Rebuilding Place in the Urban Space

"A community’s physical form, rather than its land uses, is its most intrinsic and enduring characteristic." [Katz, EPA] This blog focuses on place and placemaking and all that makes it work--historic preservation, urban design, transportation, asset-based community development, arts & cultural development, commercial district revitalization, tourism & destination development, and quality of life advocacy--along with doses of civic engagement and good governance watchdogging.

Thursday, December 21, 2006

Assessing Mayor Williams

Mayor Williams on the SubwayWashington Post photo by Larry Williams.

I don't have the energy to do a long retrospective piece on Mayor Williams and his 8 years in office.
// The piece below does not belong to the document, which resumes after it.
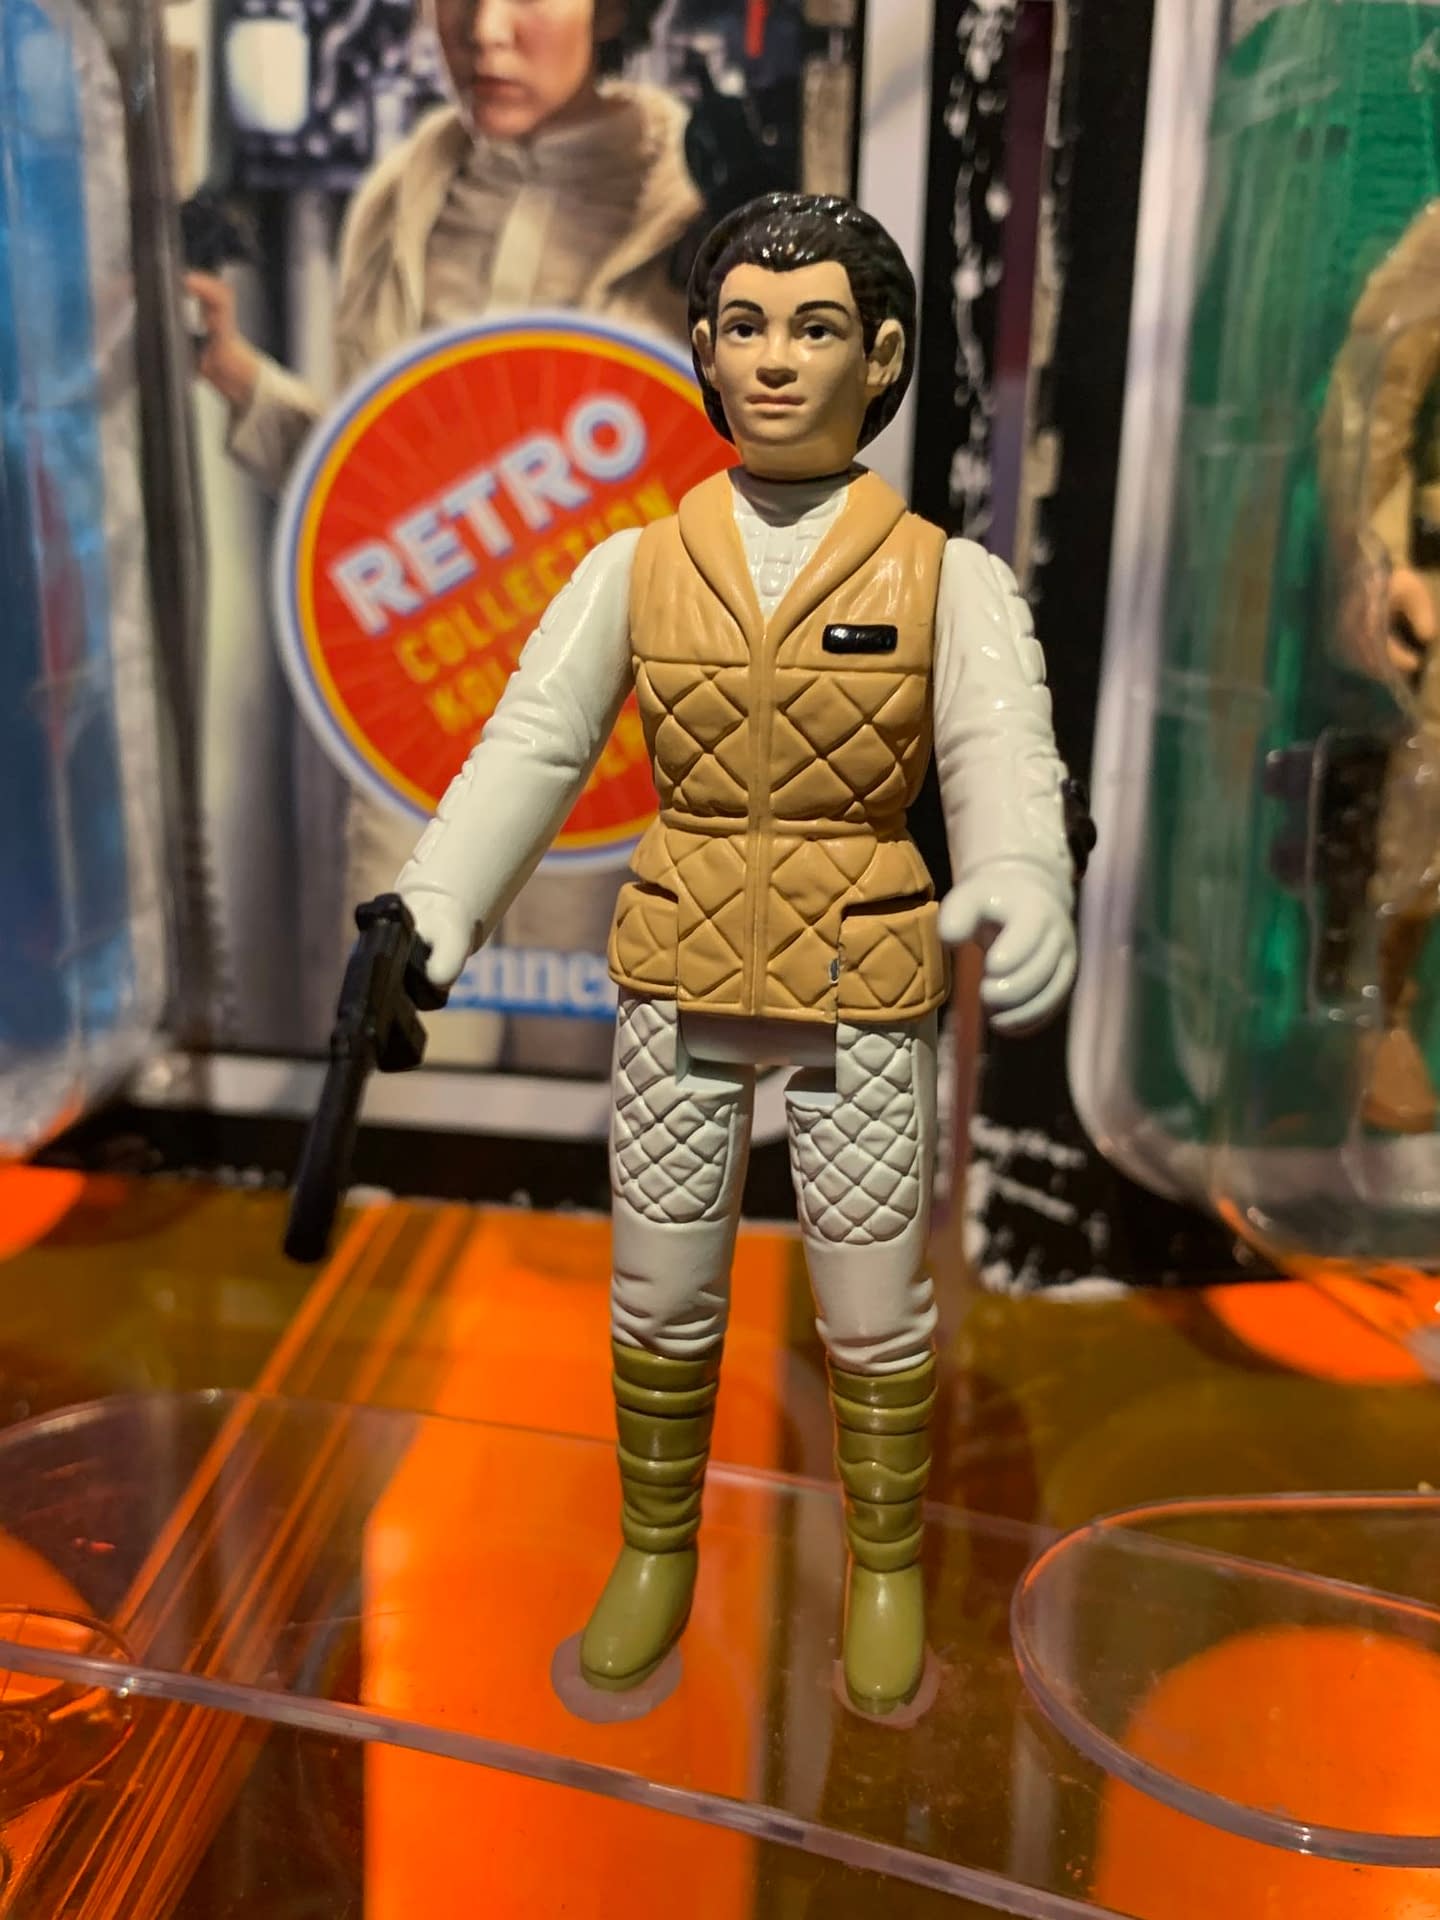 Hasbro New York Toy Fair 2020 - 38 Photos of Star Wars 

I do think, overall, he's been an important and vital step forward.

Yes, he hasn't been perfect--who is?

But he has started the process of municipal transformation necessary to have a revitalized and healthy city in the 21st century, a city even while considered "the center of the free world," lies within a nation that for the most part is focused on suburban and exurban development.
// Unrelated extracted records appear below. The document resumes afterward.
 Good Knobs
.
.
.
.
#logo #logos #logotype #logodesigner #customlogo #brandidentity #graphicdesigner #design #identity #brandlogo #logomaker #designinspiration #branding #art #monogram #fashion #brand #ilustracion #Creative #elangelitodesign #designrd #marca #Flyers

And the focus of the Williams Administration, for the most part, on big projects and investments (big projects, big buildings, big developers, big national chains as tenants, big organizations) hasn't been tempered well enough by putting necessary resources behind more neighborhood-oriented stuff.
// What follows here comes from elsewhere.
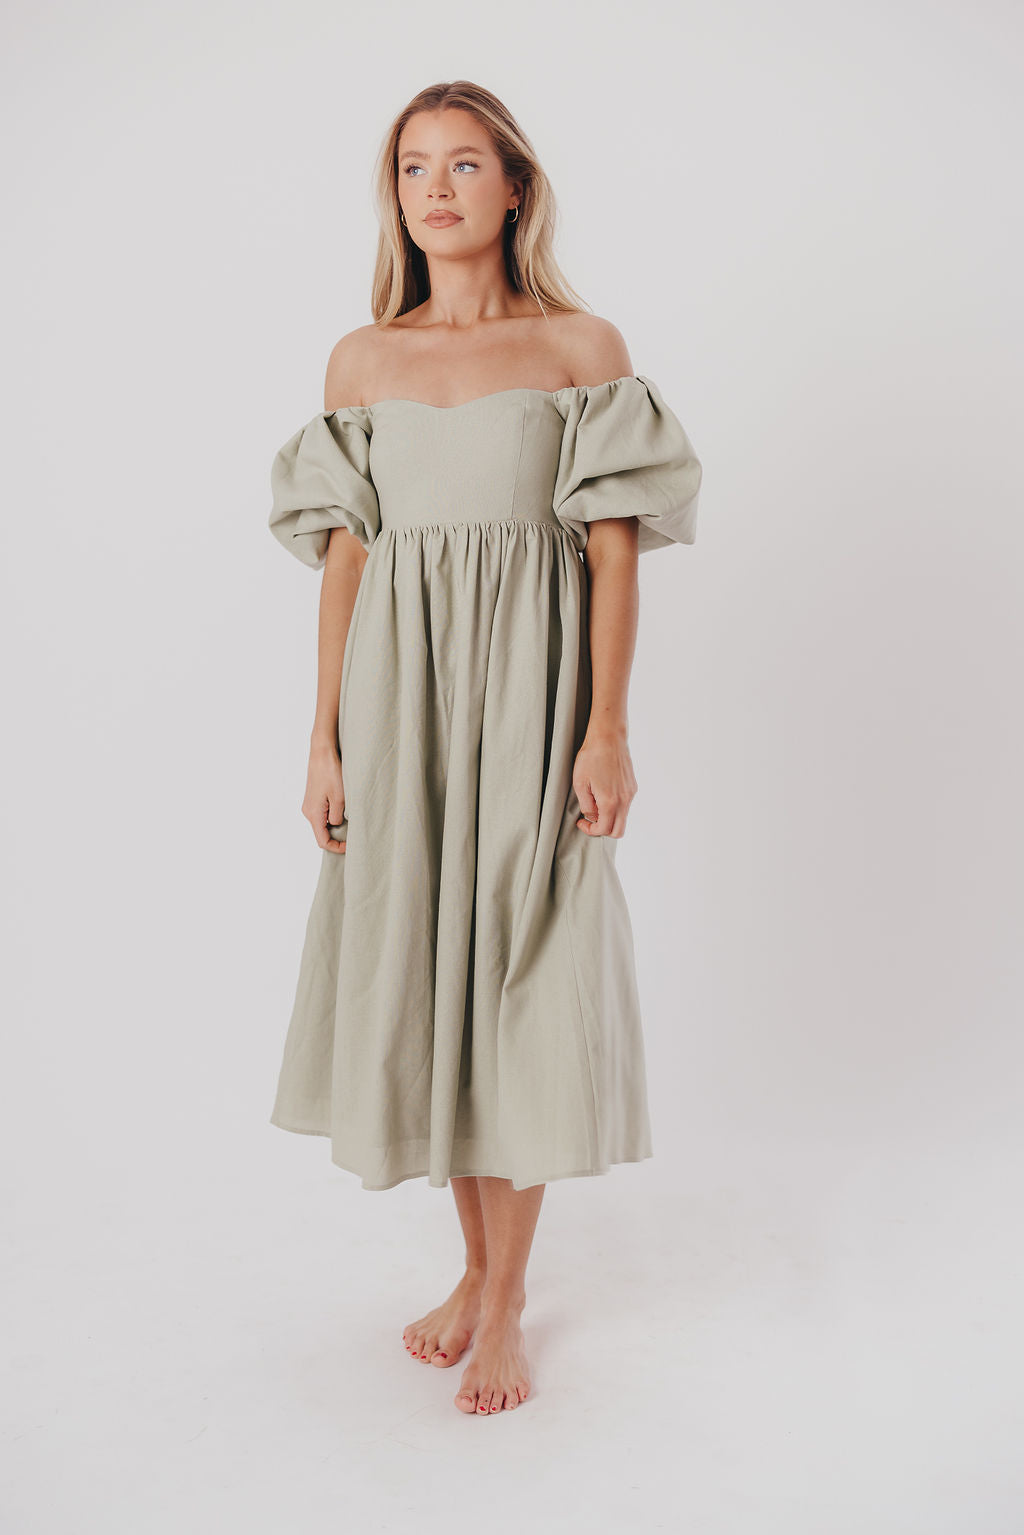 Hamilton Midi Dress in Olive - Bump Friendly (S-XL)

OTOH, we need the revenue that comes from property taxes and the income taxes from new, higher-income residents. (Hey, if it takes $10,000+ to educate one child in the DC Public School system, the money needs to come from somewhere after all?)

I know that people will counter with the Main Street initiative and the Great Streets programs as examples, but Main Street has been inadequately resourced, and the Great Streets program has taken on too difficult challenges given the level of funding provided to turn around very distressed areas, the social and organizational capacity issues, and the difficulties the city has in dealing successfully with what I call "the soft side of revitalization."

Note that I say Mayor Williams started the process of transformation. The process is by no means complete, nor has it been fully defined. But we are so much better off as a city than we were 8 years ago.

Anyway, here are good pieces that have appeared in local newspapers:

1. "Thanks Mr. Mayor" by Deborah Simmons in the Washington Times;

2. "Tony Williams: Mayor Hard Hat" by Harry Jaffe in the Examiner;

3. "Ciao: An open letter to Mayor Anthony Williams," by Jonetta Rose Barras in the Examiner;

4. Michael Neibauer's interview with the Mayor, "Mayor Williams contemplates his legacy," in the Examiner; and

5. A pro-Mayor Examiner editorial, "Editorial: Thank you, Mr. Bow Tie."
Mayor Williams kicks off summerPhoto by Lateef Mangum, for the Mayor's Office.